Convert protien 3D structure BioUnit file ('.pdb1') to a standard 3D structure file ('.pdb').

Project description

pdb1topdb

PyPi Version License: MIT

A Python package to convert protien 3D structure PDB-BioUnit file (like .pdb1 or .pdb12) to a standard 3D structure PDB file (.pdb).

Installation

Install pdb1topdb package with pip:

pip install pdb1topdb

CLI usage

Use as a command-line interface (CLI):

pdb1topdb --help
pdb1topdb ./test_data/5ceg.pdb1 -o ./test_data/5ceg_biounit1.pdb
pdb1topdb ./test_data/5ceg.pdb1 # you can omit output path (will be derived)

Or convert all BioUnits files in a directory with one single command:

pdb1topdb-folder --help
pdb1topdb-folder ./test_data/ -o ./test_data/

Python usage

Use in-line in python:

# Import
from pdb1topdb import pdb1topdb, read_chains_mapping

# Convert .pdb1 -> .pdb
pdb_str, metadata = pdb1topdb(
    pdb1_path="./test_data/5ceg.pdb1",
    pdb_path="./test_data/5ceg_biounit1.pdb",
    remove_initial_biounit_file=False, # optional
    metadata_path=None, # optional
    verbose=True, # optional
)

# Read chains mapping
mapping = read_chains_mapping(pdb_path="./test_data/5ceg_biounit1.pdb")

Description

Why ? PDB files from the Protein Data Bank that are obtained by X-ray crystallography describe the asymmetric unit as .pdb or .cif files (the smallest repeating unit in the crystal), while the biological assembly is provided as a BioUnit file like .pdb1 or .pdb12 files (the biologically relevant complex of chains). BioUnit files can be more biologically relevant, however many structural bioinformatics tools expect a standard .pdb, so conversion is useful.

How ? pdb1topdb maps every chain from every model in the BioUnit to a unique chain ID in the output PDB. For example, if the BioUnit contains:

  • Model 1: chains A, B
  • Model 2: chains A, B then pdb1topdb uses the following mapping:
  • (Model 1, A) → A, (Model 1, B) → B
  • (Model 2, A) → C, (Model 2, B) → D

It merges coordinates into a single model and updates chain-related metadata lines such as SEQRES, HELIX, and LINK. The chain mapping is injected in the header as REMARK 0.

Technical Notes

PDB chain IDs are a single character, so output is limited by the available alphabet.
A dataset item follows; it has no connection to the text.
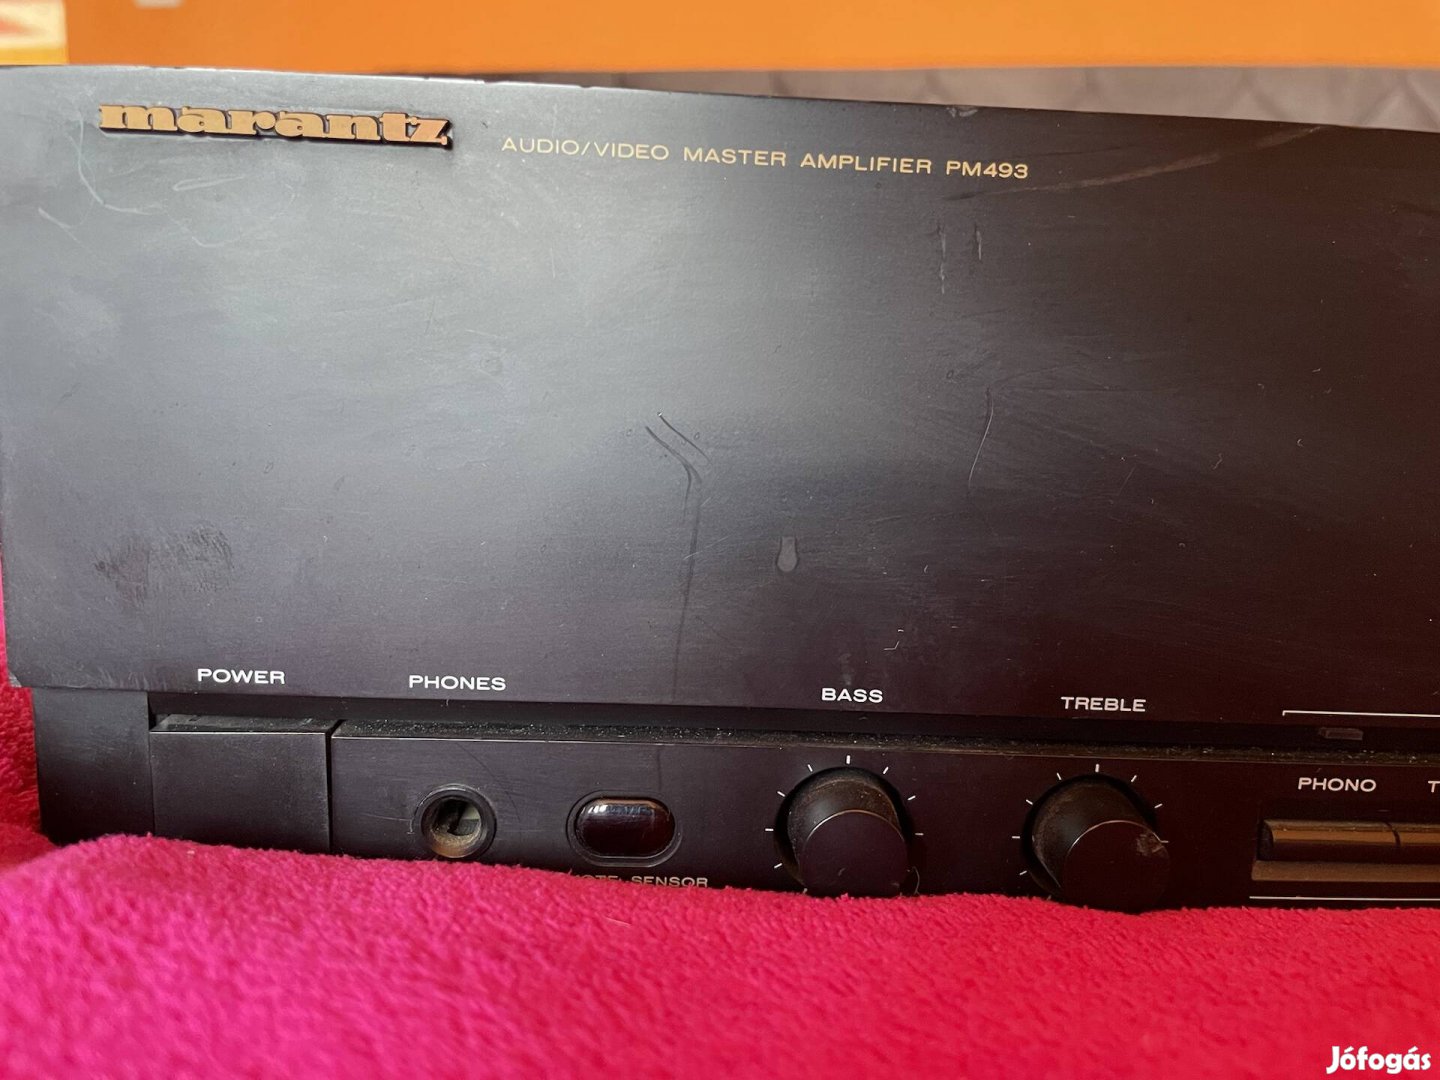 Marantz Audio/Video Master Amplifier PM493 erősítő
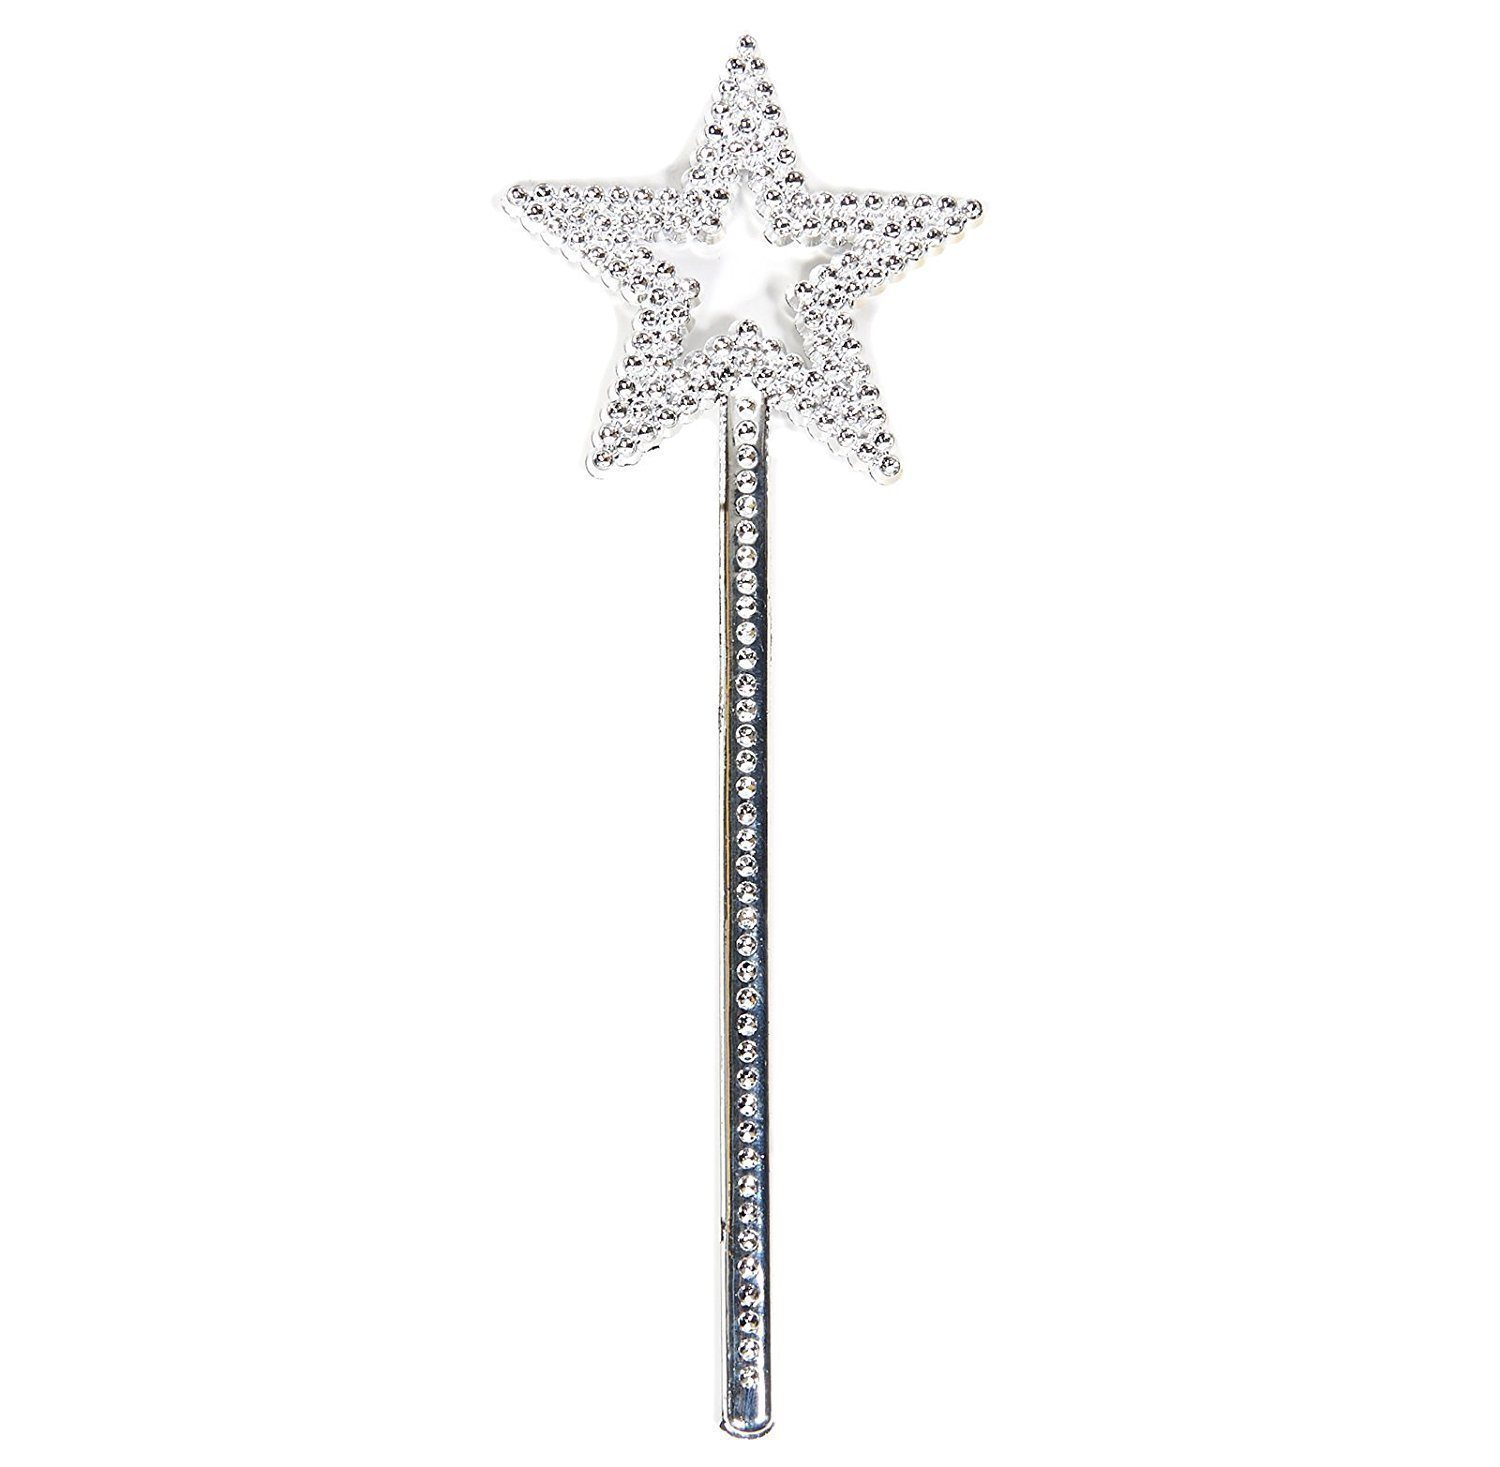 CLZ192 Yıldız Model Peri Asası Melek Asası Prenses Asası Metalize Gümüş Renk (4172)

The default alphabet is: ABCDEFGHIJKLMNOPQRSTUVWXYZabcdefghijklmnopqrstuvwxyz0123456789

Mapping rules:

  • preserve a chain ID if it is in the alphabet and not already used
  • otherwise assign the next unused character from the alphabet

This means the default conversion can handle up to 62 unique chain IDs. You can override the default alphabet using argument chains_alphabet, however nonstandard chain IDs may cause compatibility issues with other software.

Project details


Download files

Download the file for your platform. If you're not sure which to choose, learn more about installing packages.

Source Distribution

pdb1topdb-1.0.0.tar.gz (15.3 kB view details)

Uploaded Source

Built Distribution

If you're not sure about the file name format, learn more about wheel file names.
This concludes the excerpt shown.